3. High-Dimensional Generative Modeling

  • MNIST: mapping Gaussian noise → handwritten digits (transport-based generation).
  • CIFAR-10: grayscale → color image translation (optimal coupling for colorization).
  • Domain Adaptation: style transfer from day → sunset scenes via learned color distributions.
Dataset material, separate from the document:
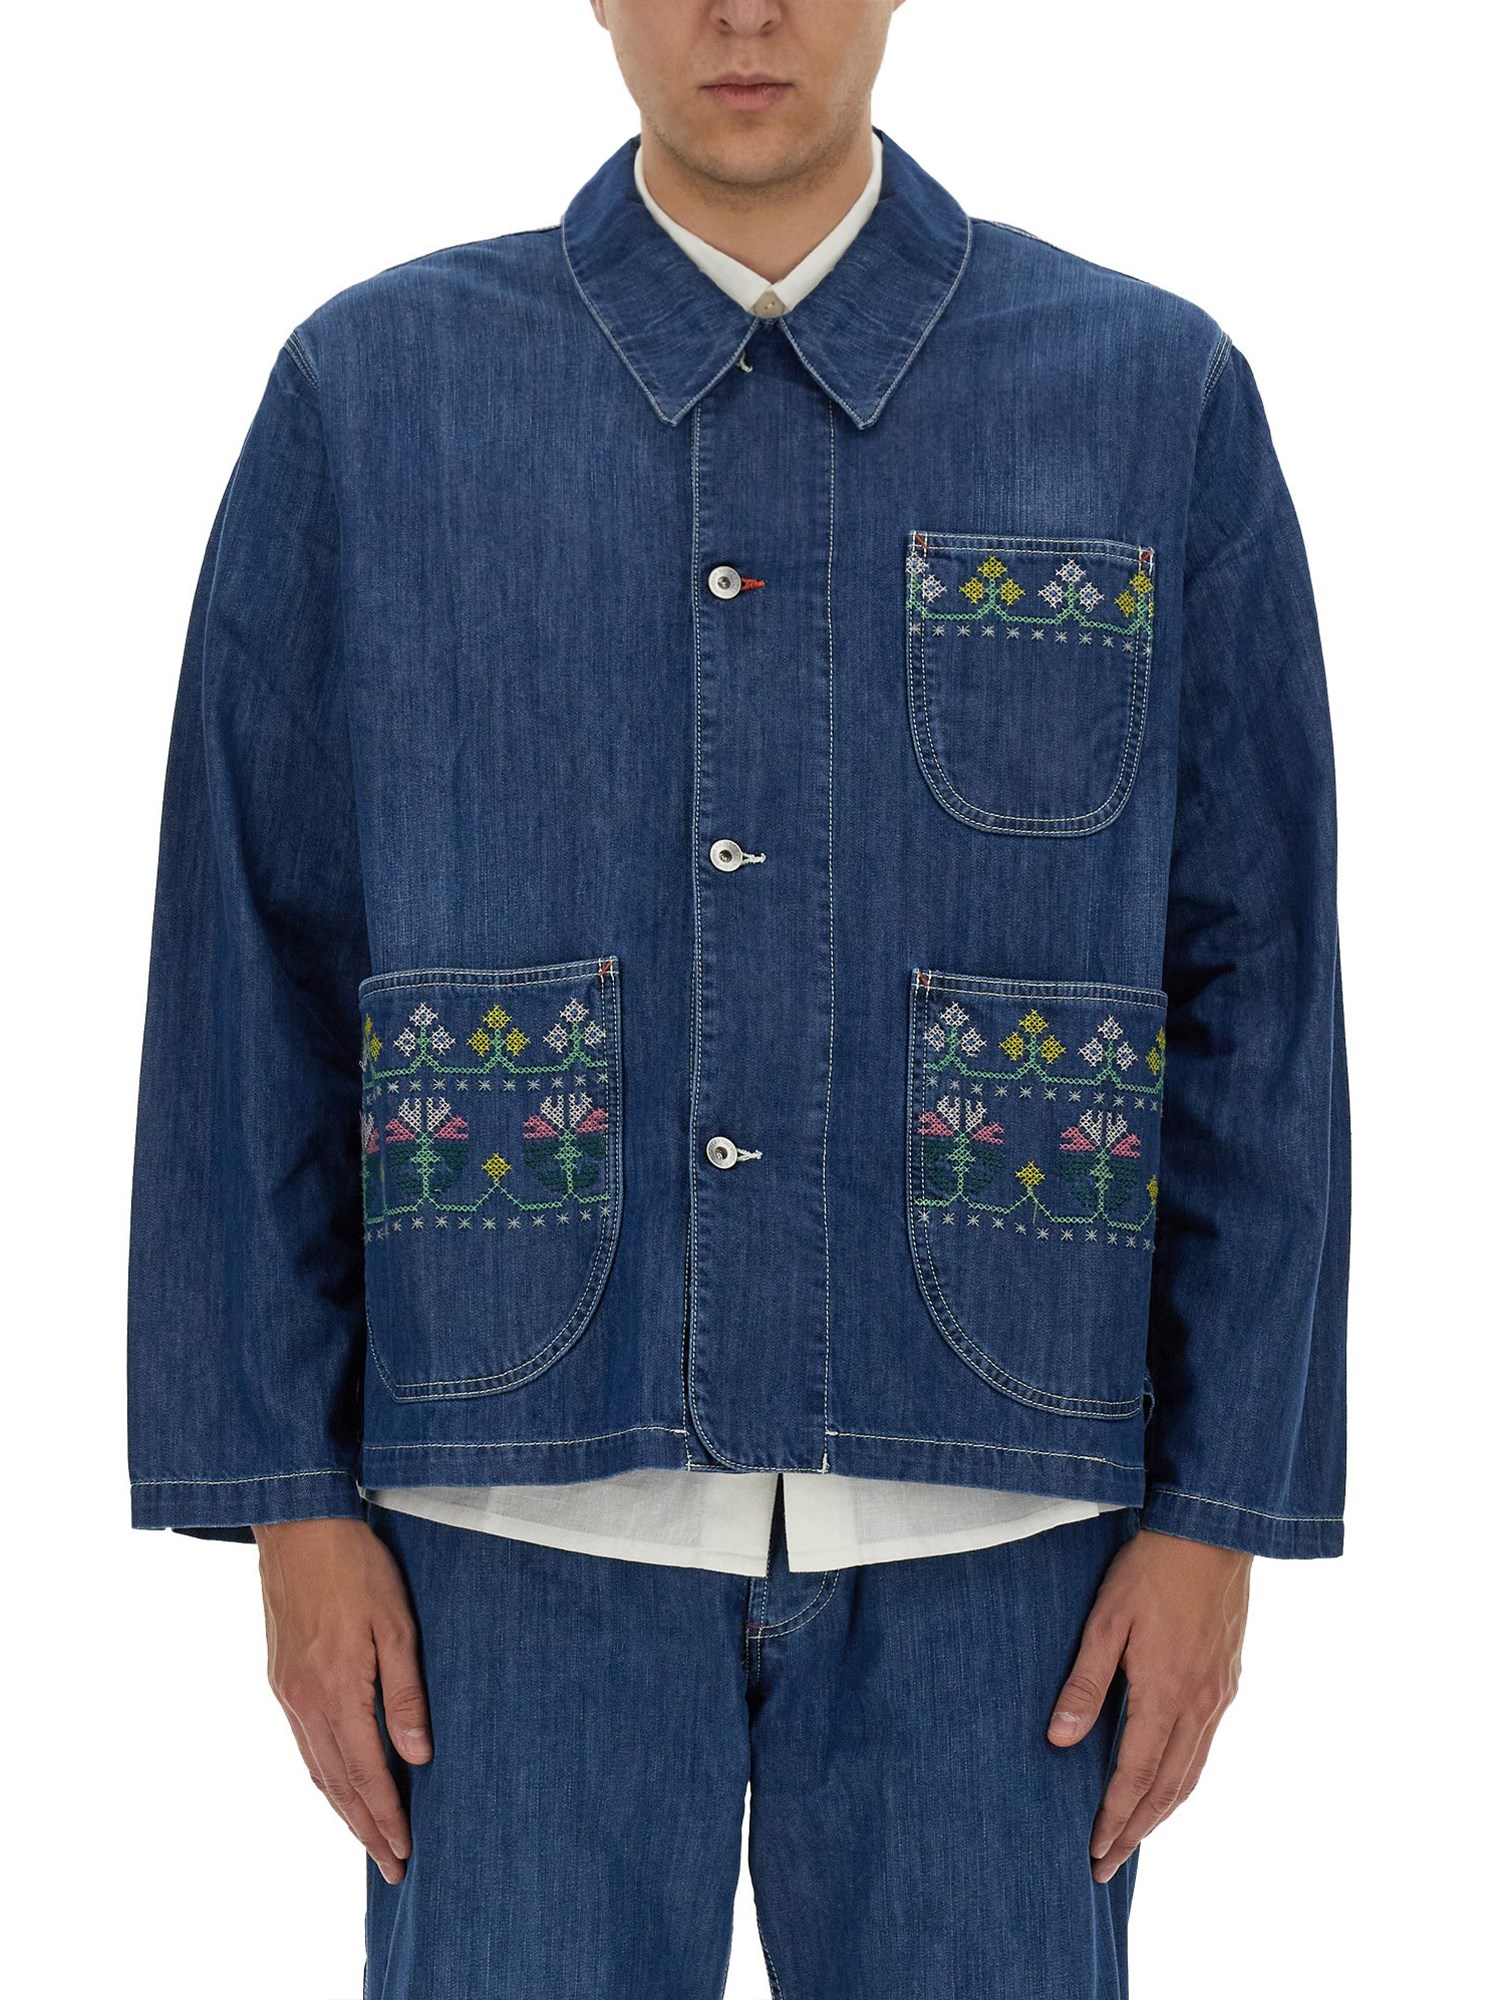 ymc jacket with embroidery

C-MGN produced results comparable to small VAEs, while maintaining theoretical guarantees of convexity and monotonicity.


Technical Implementation

Architecture Details

  • C-MGN (Cascaded): Sequential convex layers with PSD constraints
  • M-MGN (Modular): Parallel branches combined with convex combination

Key Components

  1. Convexity Constraints: Enforced via spectral normalization of Jacobians
  2. Monotonicity: Guaranteed through positive-definite Hessian matrices
  3. Transport Loss: Combination of Wasserstein distance and Sinkhorn regularization

Key Findings

  • MGN models enable stable generative training using transport-based objectives.
  • Convex constraints enhance interpretability and reduce mode collapse in learned mappings.
  • Successful extension of MGNs to high-dimensional visual data (MNIST, CIFAR-10).
  • Demonstrated structured image-to-image translation using optimal transport principles.

Perspectives

Future work includes integrating convolutional operators into MGNs to better capture local spatial correlations while preserving convexity.
This approach could serve as a bridge between optimal transport, diffusion models, and energy-based generative modeling.


References

  • Chaudhari, S., Pranav, S., Moura, J. (2023–2025). Learning Gradients of Convex Functions with Monotone Gradient Networks.
  • Peyré, G., Cuturi, M. (2020). Computational Optimal Transport.
  • Brenier, Y. (1991). Polar Factorization and Monotone Rearrangement of Vector-Valued Functions.
  • Cuturi, M. (2013). Sinkhorn Distances: Lightspeed Computation of Optimal Transportation Distances.
  • Santambrogio, F. (2015). Optimal Transport for Applied Mathematicians.